Juliana Van Laanen

Enterprise Account Executive

AI Startup (Confidential)

Account ExecutiveOutbound HeavyEnterpriseOn-site📍 San Francisco, CA
Deal Size: $150K-500K+ ACV
Sales Cycle: 6-9 months
Posted by Juliana Van Laanen

Overview

You sell an AI agent platform that automates revenue workflows to enterprise companies. You're joining as they launch a major new product, so you'll be building your pipeline mostly from scratch through outbound. Expect 6-9 month cycles selling into revenue operations leaders, VPs of Sales, and IT stakeholders who need to sign off on the technical integration.


Role Snapshot

AspectDetails
Role TypeFull-cycle Enterprise AE
Sales MotionOutbound-heavy (new product launch)
Deal ComplexityEnterprise / Strategic
Sales Cycle6-9 months
Deal Size$150K-500K+ ACV
Quota (est.)$1.4M annually ($350K/quarter)

Company Context

Stage: Series B+ ($50M+ raised)

Size: ~19 employees (early but well-funded)

Growth: Scaling enterprise team for major new product launch. Already at 8-figure ARR on existing platform.

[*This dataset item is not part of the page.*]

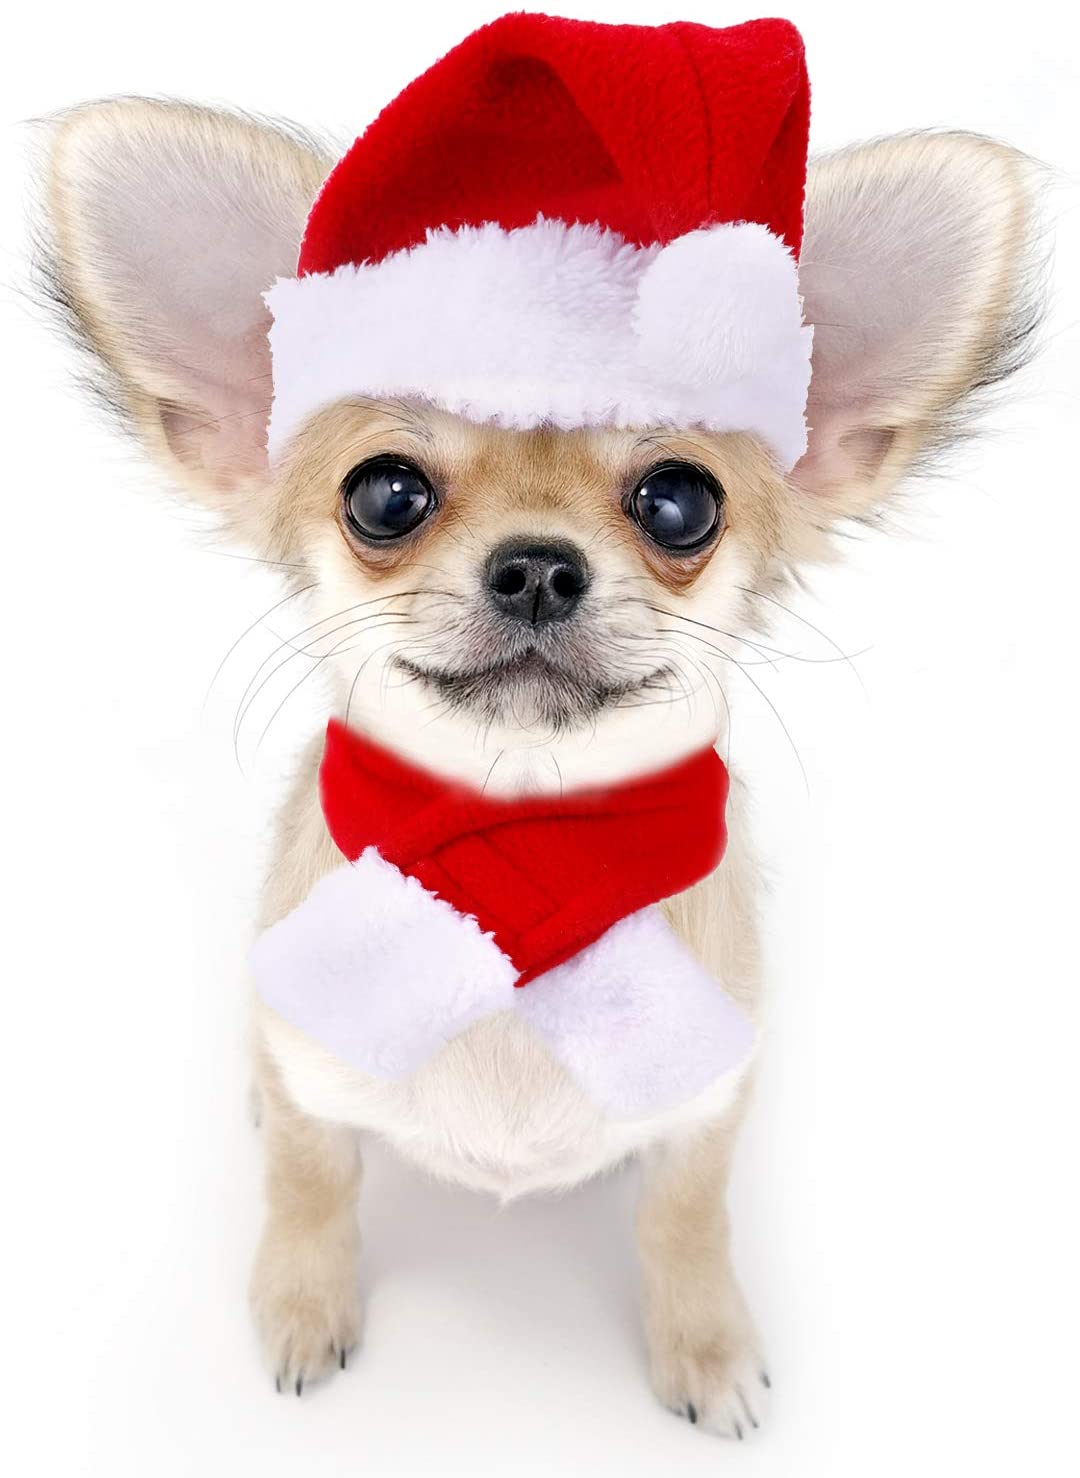  Gorra de Papá Noel de Navidad Ajustable de Mascotas, Capa, Bufanda y Collar de Pajarita Disfraz de Navidad para Cachorro Gatito Gatos Pequeños Perros Mascotas

Market Position: Category player in AI-powered revenue automation. Competing in a crowded but hot market with other AI workflow tools.


GTM Reality

Pipeline Sources:

  • 20% Inbound - Some leads from existing product's brand awareness, but new product means limited MQLs
  • 70% Outbound - You're building your own pipeline. Cold outreach to revenue ops and sales leaders at target accounts
  • 10% Referrals/Network - Customer intros from existing base, investor network

SDR/AE Structure: Likely self-sourcing or minimal SDR support given team size. You own prospecting through close.

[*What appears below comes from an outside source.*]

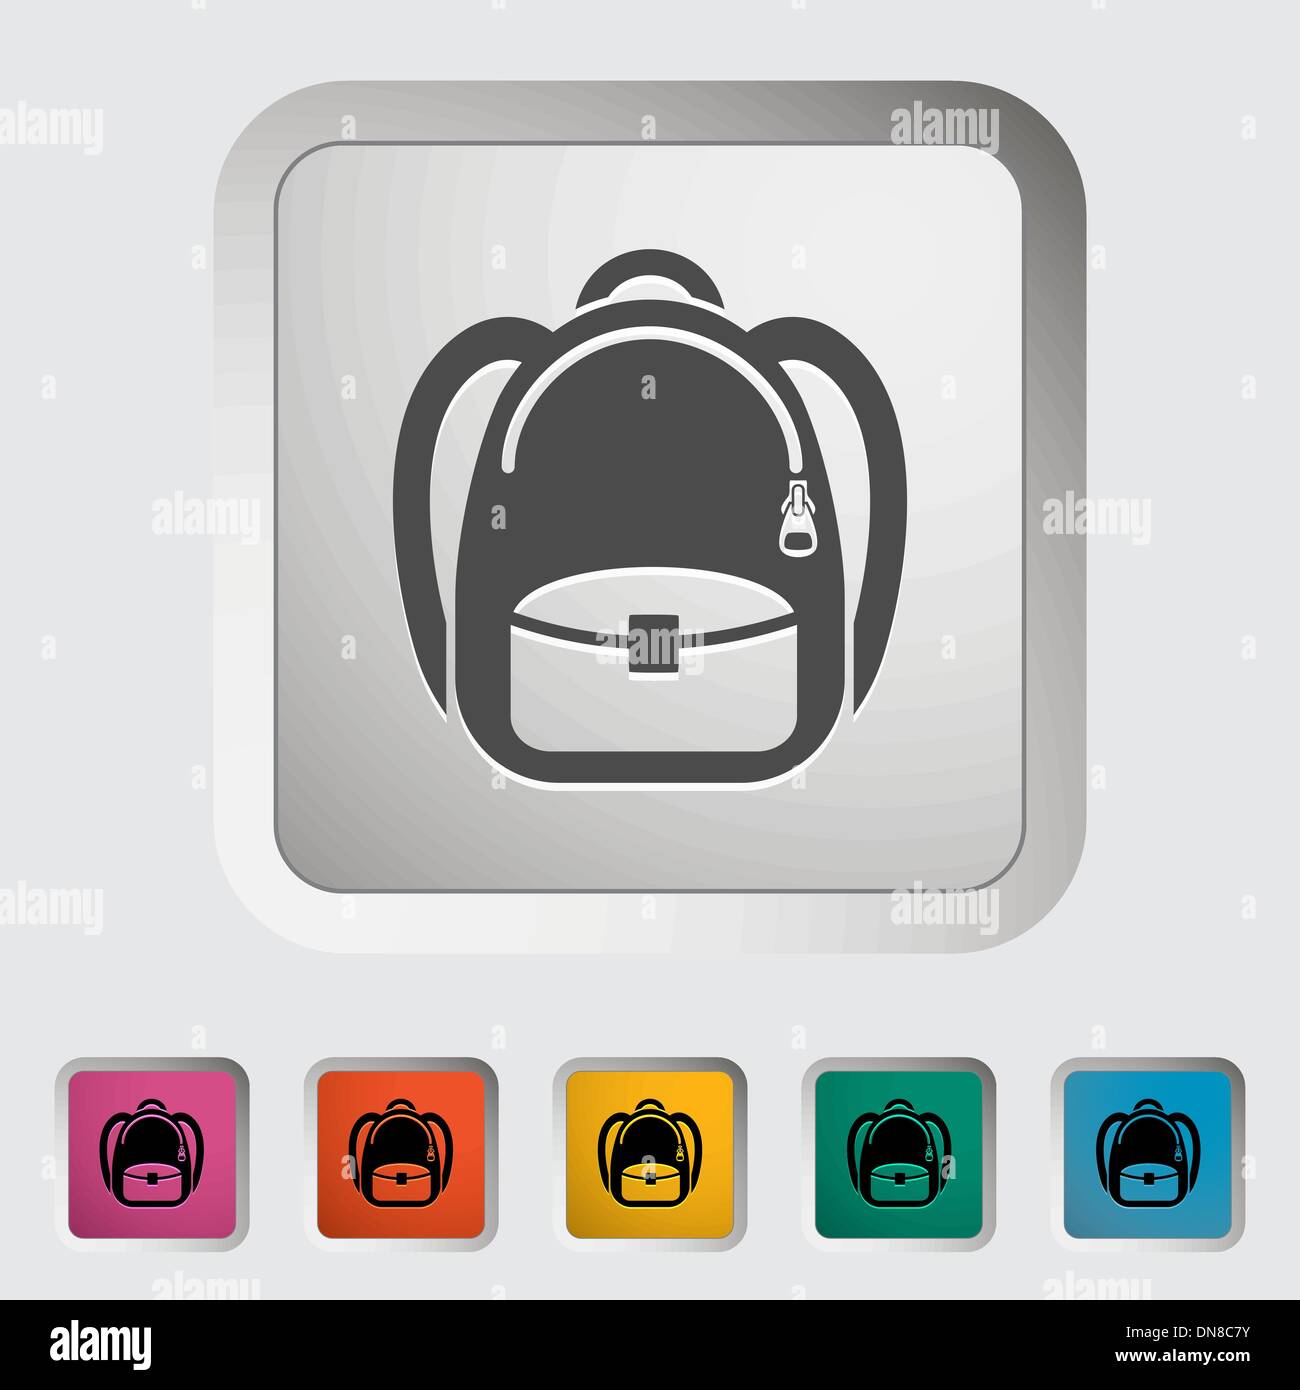 Schoolbag icon Stock Vector

SE Support: Unknown - likely shared or limited given 19-person company size. You may be doing technical demos yourself or with founder/CTO support.


Competitive Landscape

Main Competitors: Other AI workflow platforms (6sense, Gong Engage, Clari), traditional marketing automation (Marketo, HubSpot), point solutions for specific workflows

How They Differentiate: AI agents that actually execute workflows vs. just providing insights. Cross-functional (sales + marketing + CS) vs. single-department tools.

Common Objections:

  • "We already have [Salesforce/HubSpot/Outreach]"
  • "How is this different from the 10 other AI tools we're evaluating?"
  • Security/data privacy concerns with AI
  • Integration complexity across their tech stack

Win Themes: Automation that spans the full revenue org, proven at scale (8-figure ARR), well-funded so they'll be around


What You'll Actually Do

Time Breakdown

Prospecting (40%) | Active Deals (35%) | Internal/Admin (25%)

Key Activities

  • Cold Outreach: You're building lists of VP Revenue Ops, CROs, and VP Sales at companies with 500-5000 employees. Sending personalized sequences, making calls, working LinkedIn. You need to book 8-10 first meetings per month to keep your pipeline healthy.

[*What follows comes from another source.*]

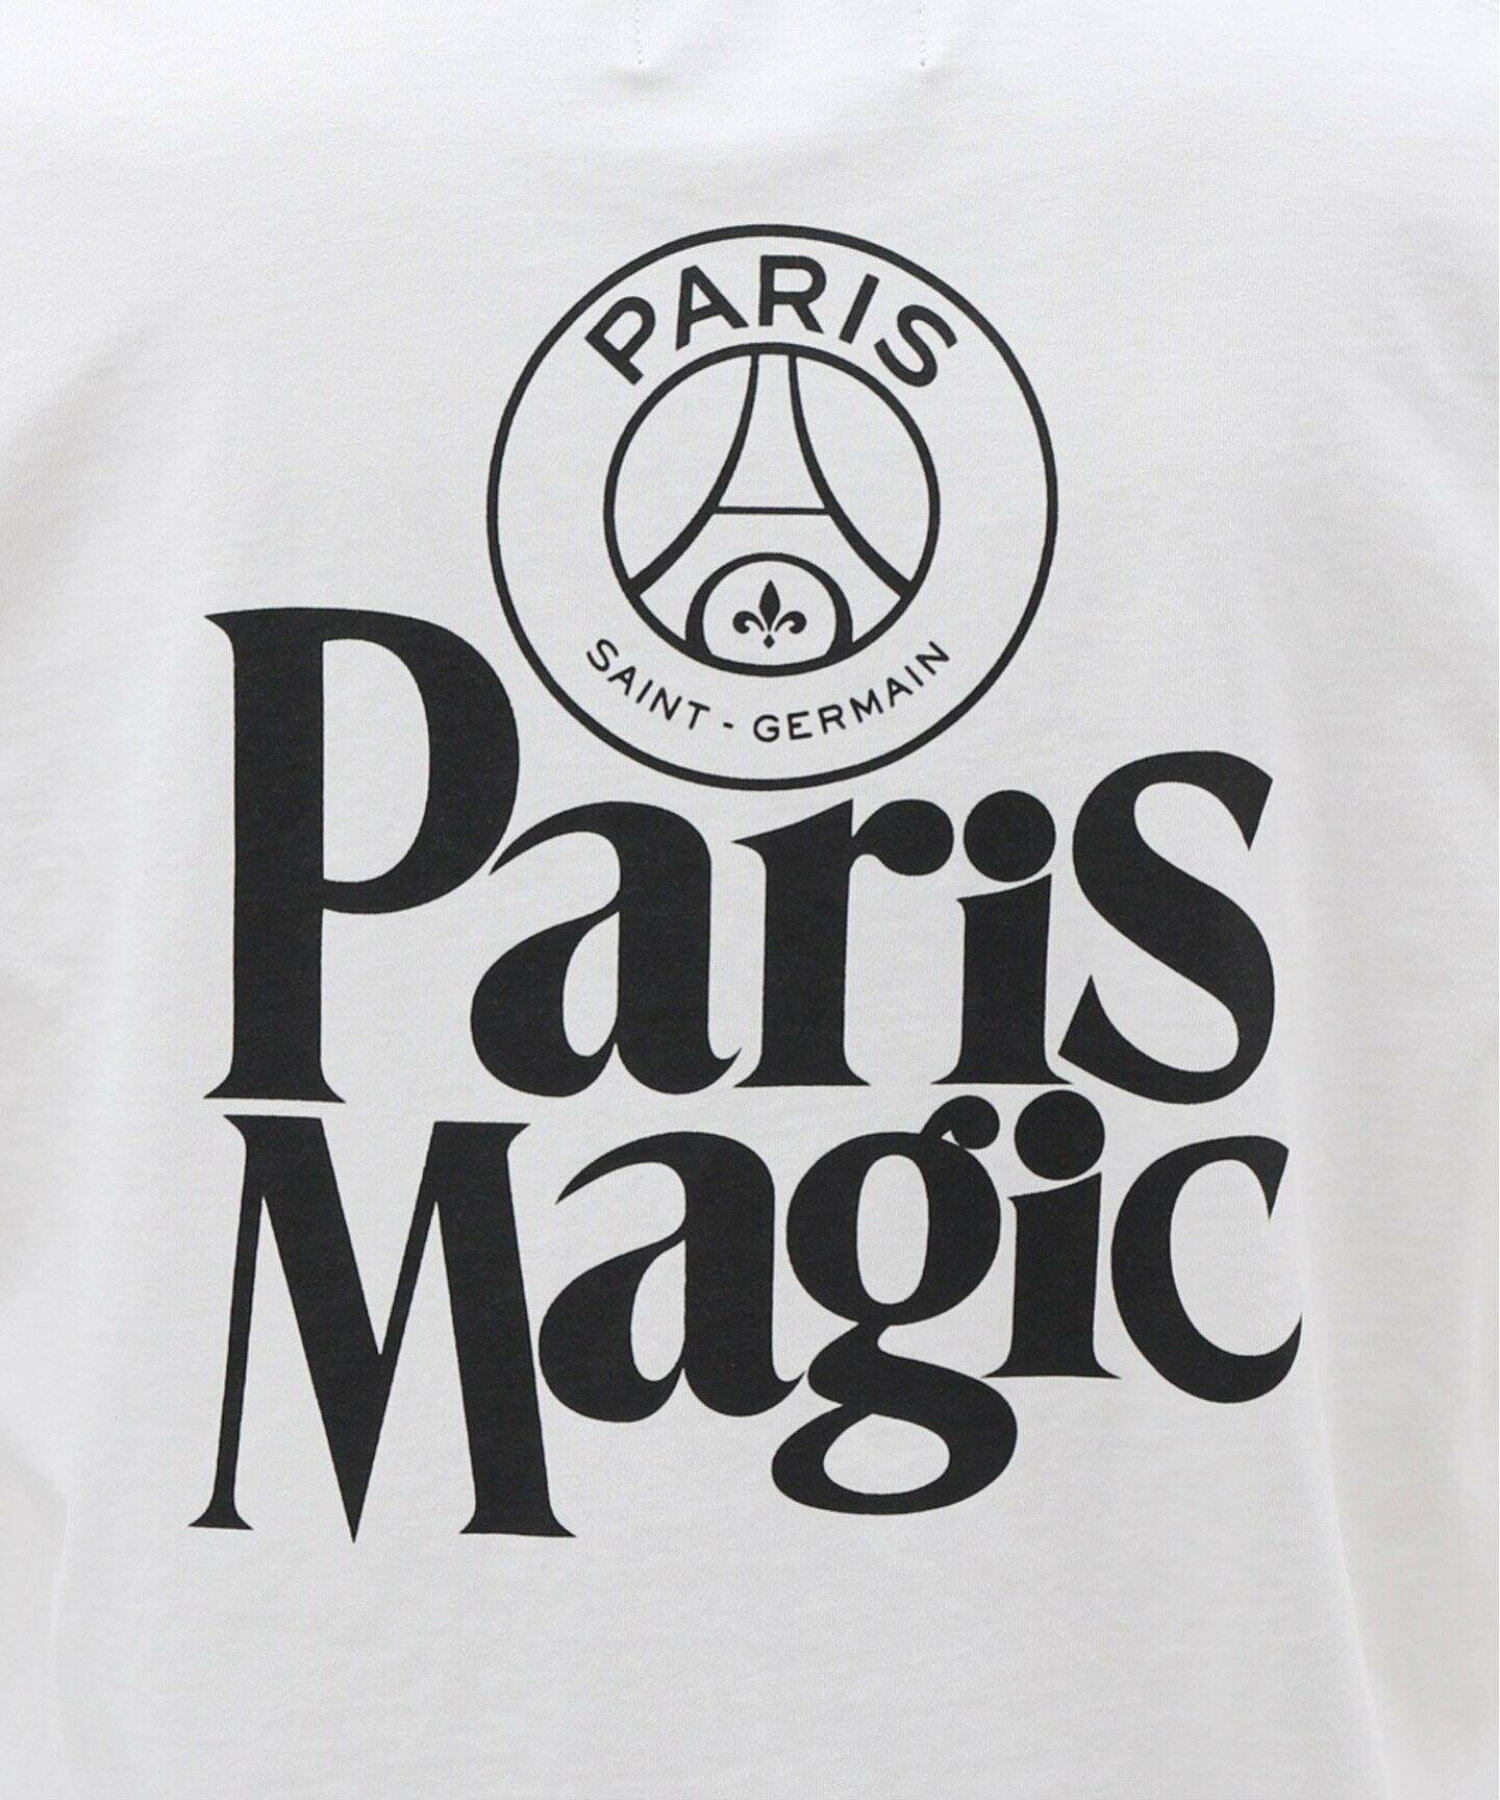 【Paris Saint-Germain】PARIS MAGIC プリント ロングスリーブTシャツ

  • Discovery & Multi-threading: First calls are with revenue ops or sales operations leaders. You're diagnosing their current workflow pain points across systems. Then you need to expand into sales leadership (who controls budget) and IT/security (who'll block the deal if not involved early). Expect 4-6 stakeholders per deal.

  • Demo & Technical Validation: You're showing how AI agents automate specific workflows they care about - lead routing, account research, sequence optimization, customer health scoring. Deals stall if you can't prove it works with their specific tech stack (Salesforce, Outreach, Gong, etc.). Expect to do a 2-3 week POC or technical deep dive.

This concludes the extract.